* _GIVEN MATERIAL_
* * * *

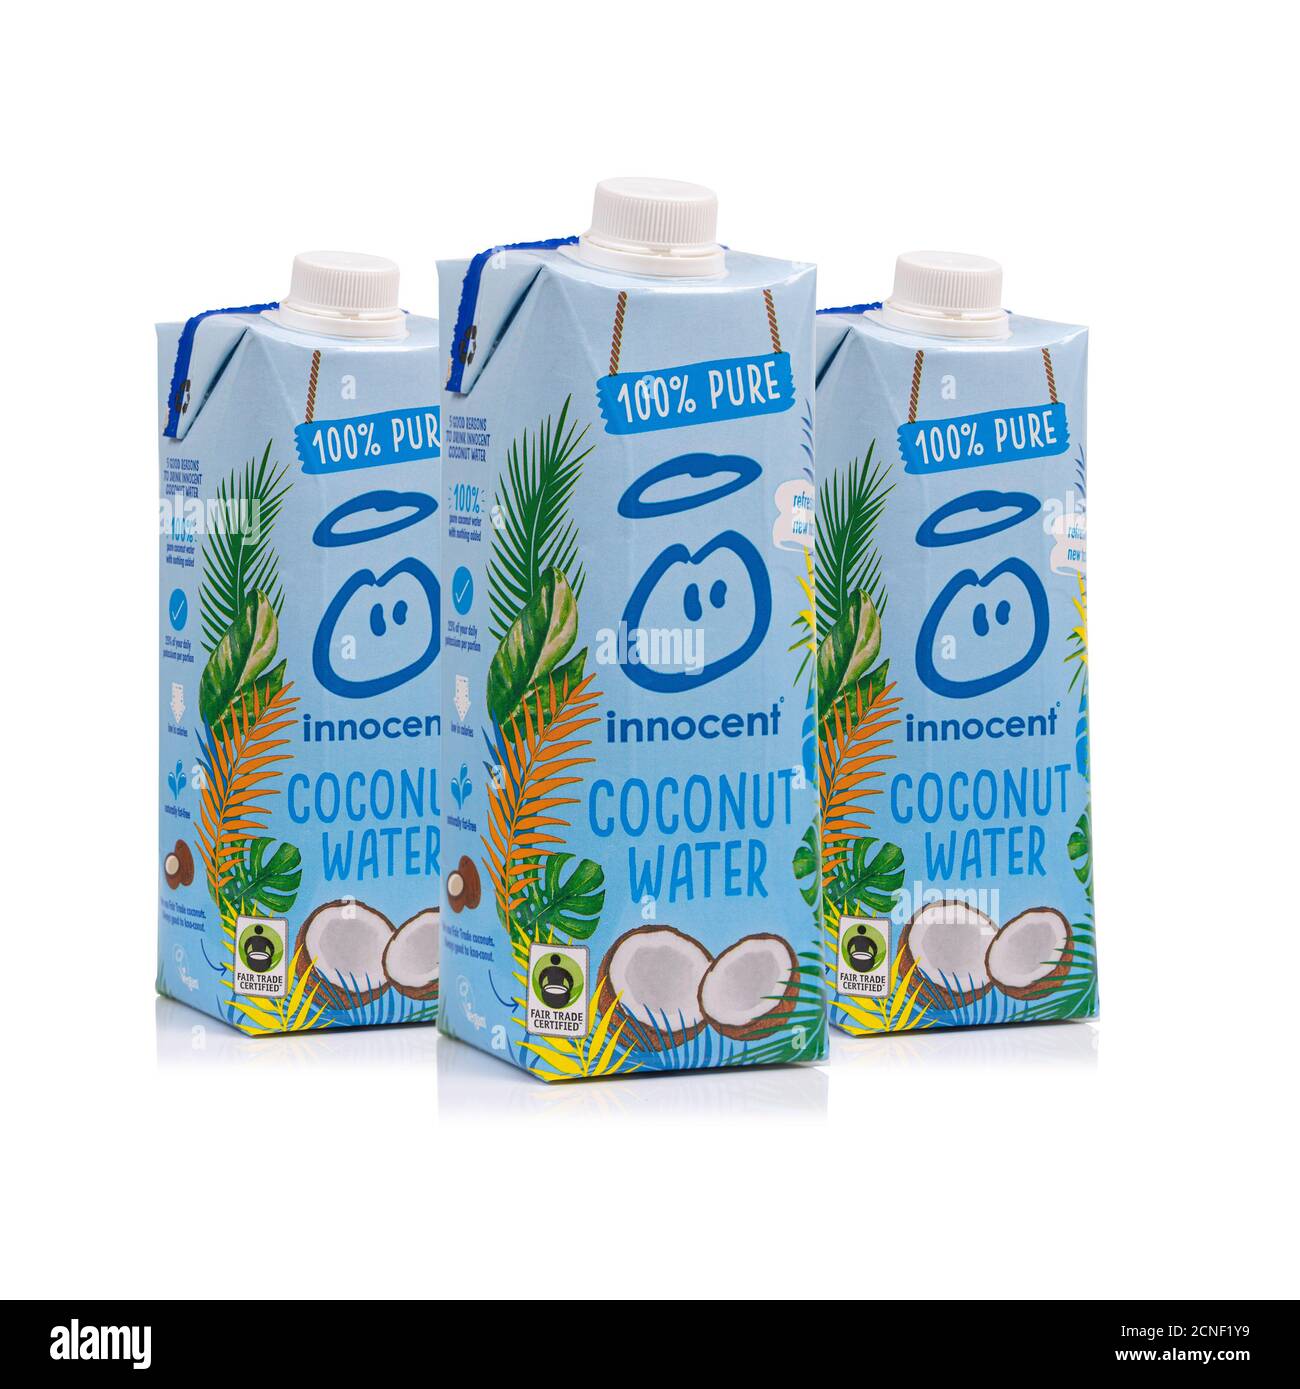 SWINDON, Royaume-Uni - 18 SEPTEMBRE 2020 : eau à la noix de coco pure 100 % innocente (certifiée Fair Trade) Banque D'Images
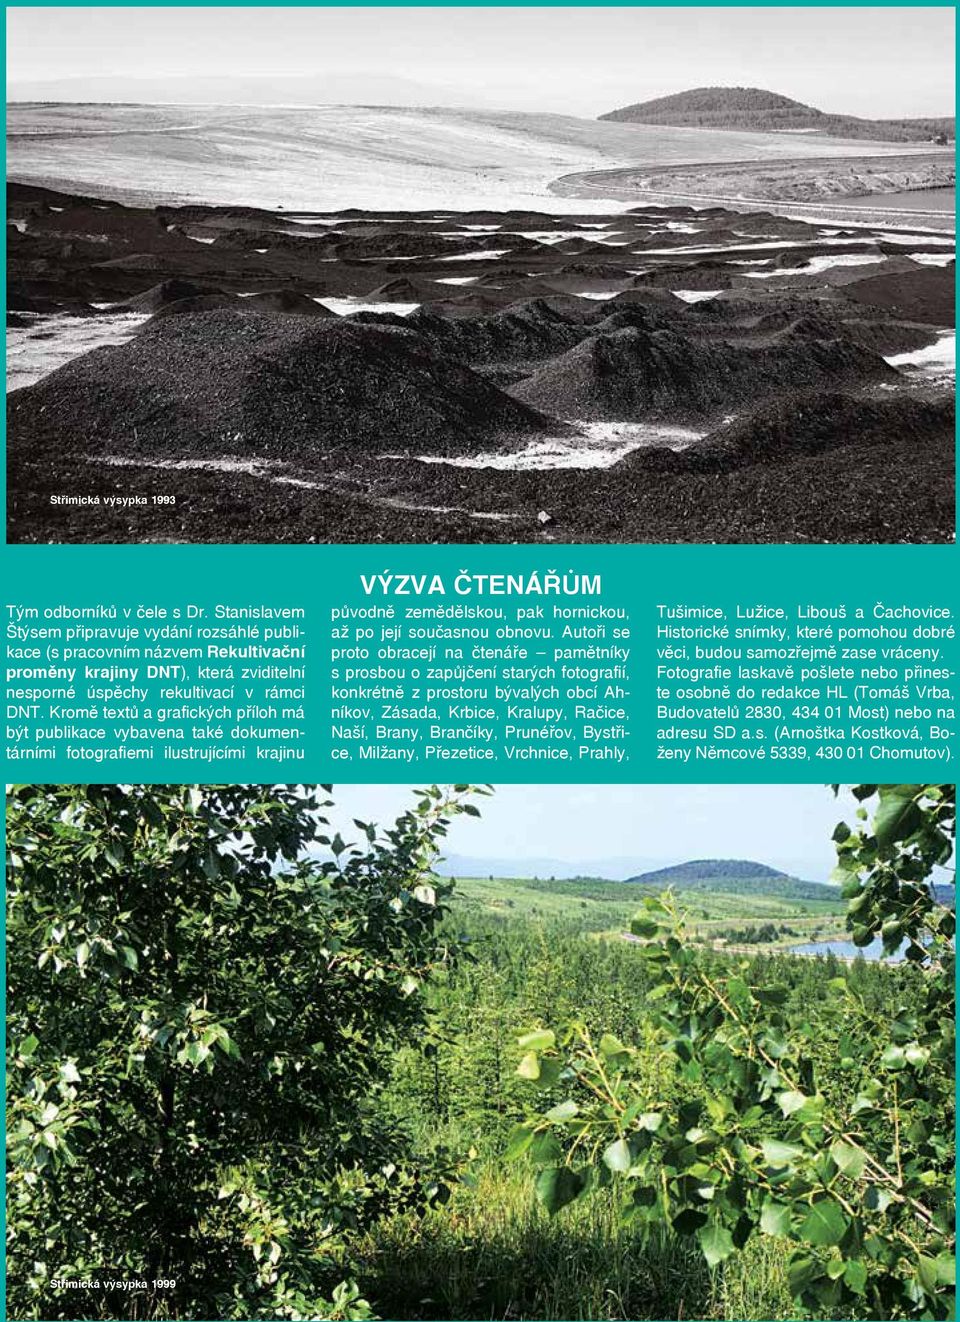 Kromě textů a grafických příloh má být publikace vybavena také dokumentárními fotografiemi ilustrujícími krajinu VÝZVA ČTENÁŘŮM původně zemědělskou, pak hornickou, až po její současnou obnovu.
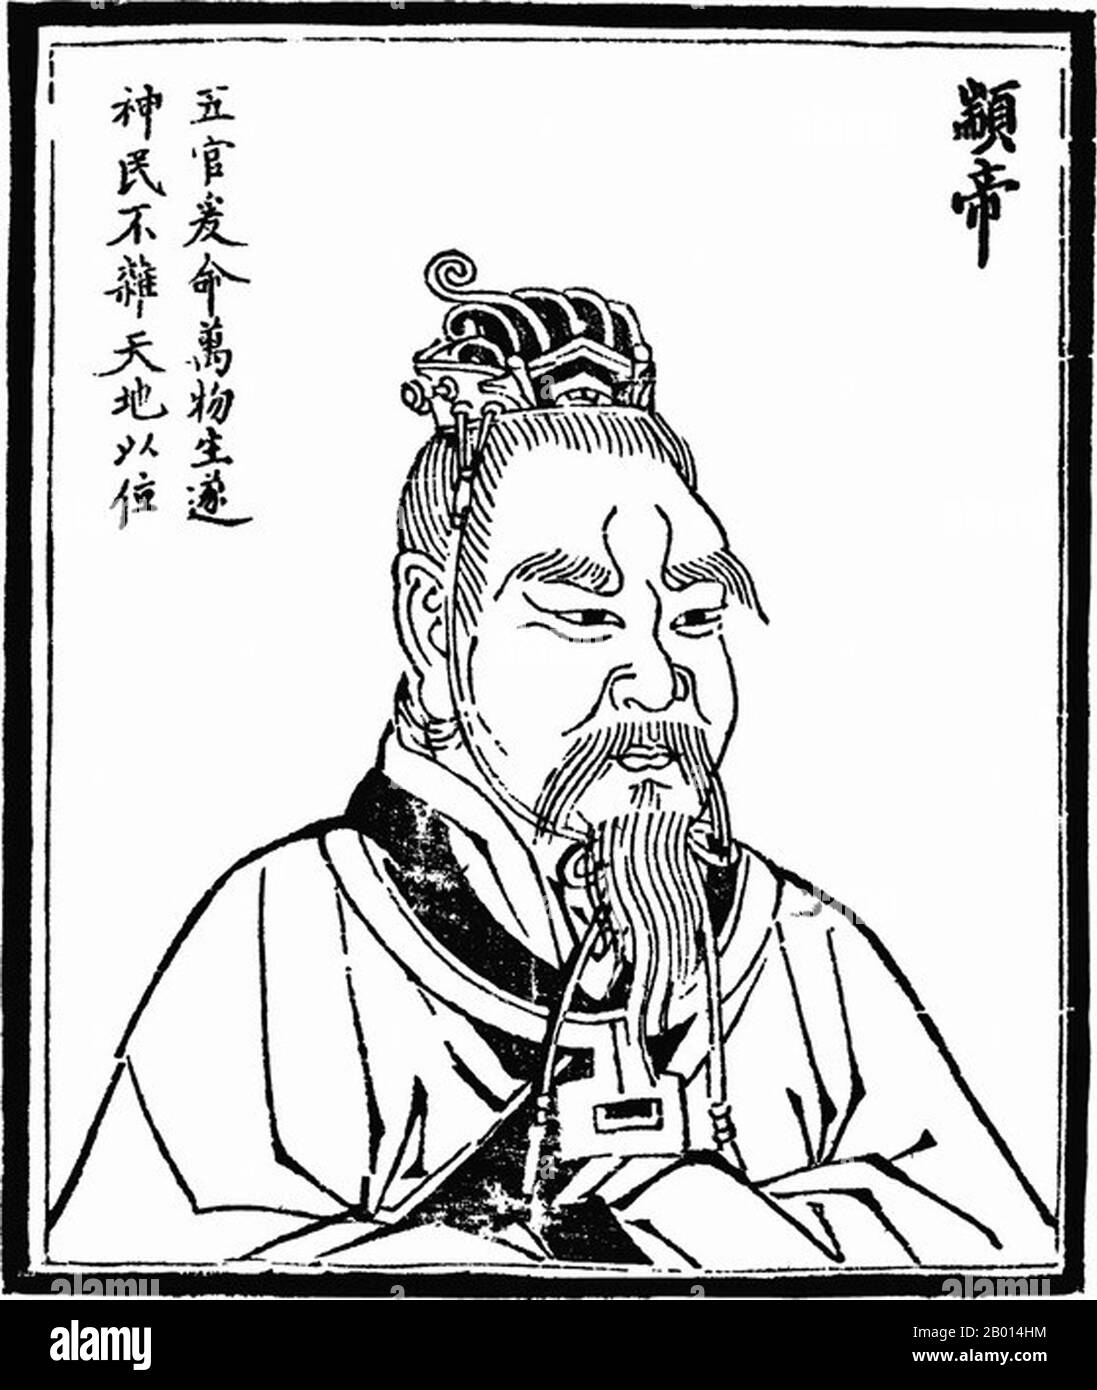 China: Kaiser Zhuanxu (ca. 2514-2436 v. Chr.), zweiter der legendären "fünf Kaiser". Abbildung, c. 1498. Zhuanxu, auch bekannt als Gaoyang, war ein mythologischer Kaiser des alten China. Als Enkel des Gelben Imperators wurde er im Alter von zwanzig Jahren souverän. Er verabschiedete religiöse Reformen gegen den Schamanismus und trug zu einem einheitlichen Kalender sowie zum Astrologie-Bereich bei. Manchmal wird er als der gott des Polarsterns verehrt. Die drei Herrscher und fünf Kaiser sind eine Mischung aus mythologischen Herrschern und kulturellen Helden des alten China aus der Zeit c. 3500-2000 BCE. Stockfoto
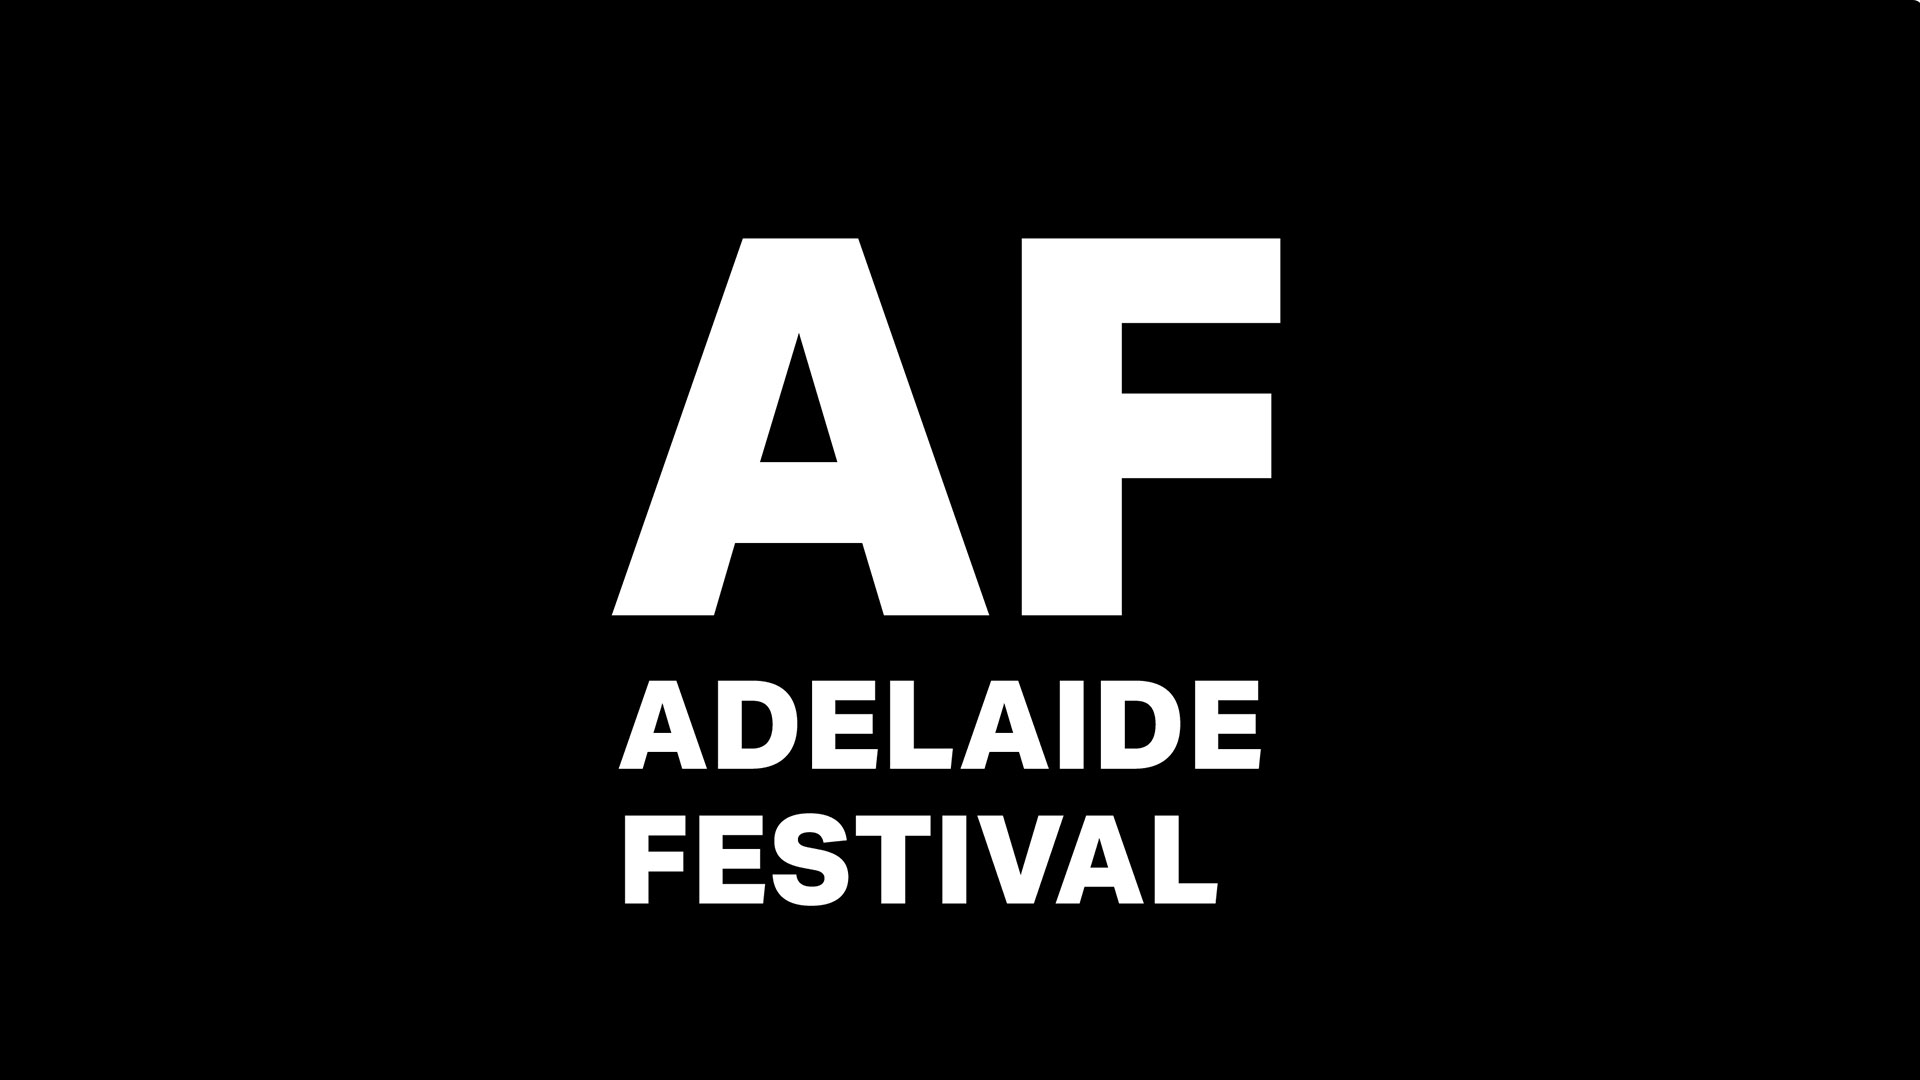 www.adelaidefestival.com.au

* * * *

* _EXERCISE AIM_
Print only the lines from the line that contains "China: Kaiser Zhuanxu" to the final line of the data, inclusive. Pictures stay out.

* _TASK RESPONSE_
 China: Kaiser Zhuanxu (ca. 2514-2436 v. Chr.), zweiter der legendären "fünf Kaiser". Abbildung, c. 1498. Zhuanxu, auch bekannt als Gaoyang, war ein mythologischer Kaiser des alten China. Als Enkel des Gelben Imperators wurde er im Alter von zwanzig Jahren souverän. Er verabschiedete religiöse Reformen gegen den Schamanismus und trug zu einem einheitlichen Kalender sowie zum Astrologie-Bereich bei. Manchmal wird er als der gott des Polarsterns verehrt. Die drei Herrscher und fünf Kaiser sind eine Mischung aus mythologischen Herrschern und kulturellen Helden des alten China aus der Zeit c. 3500-2000 BCE. Stockfoto
 www.adelaidefestival.com.au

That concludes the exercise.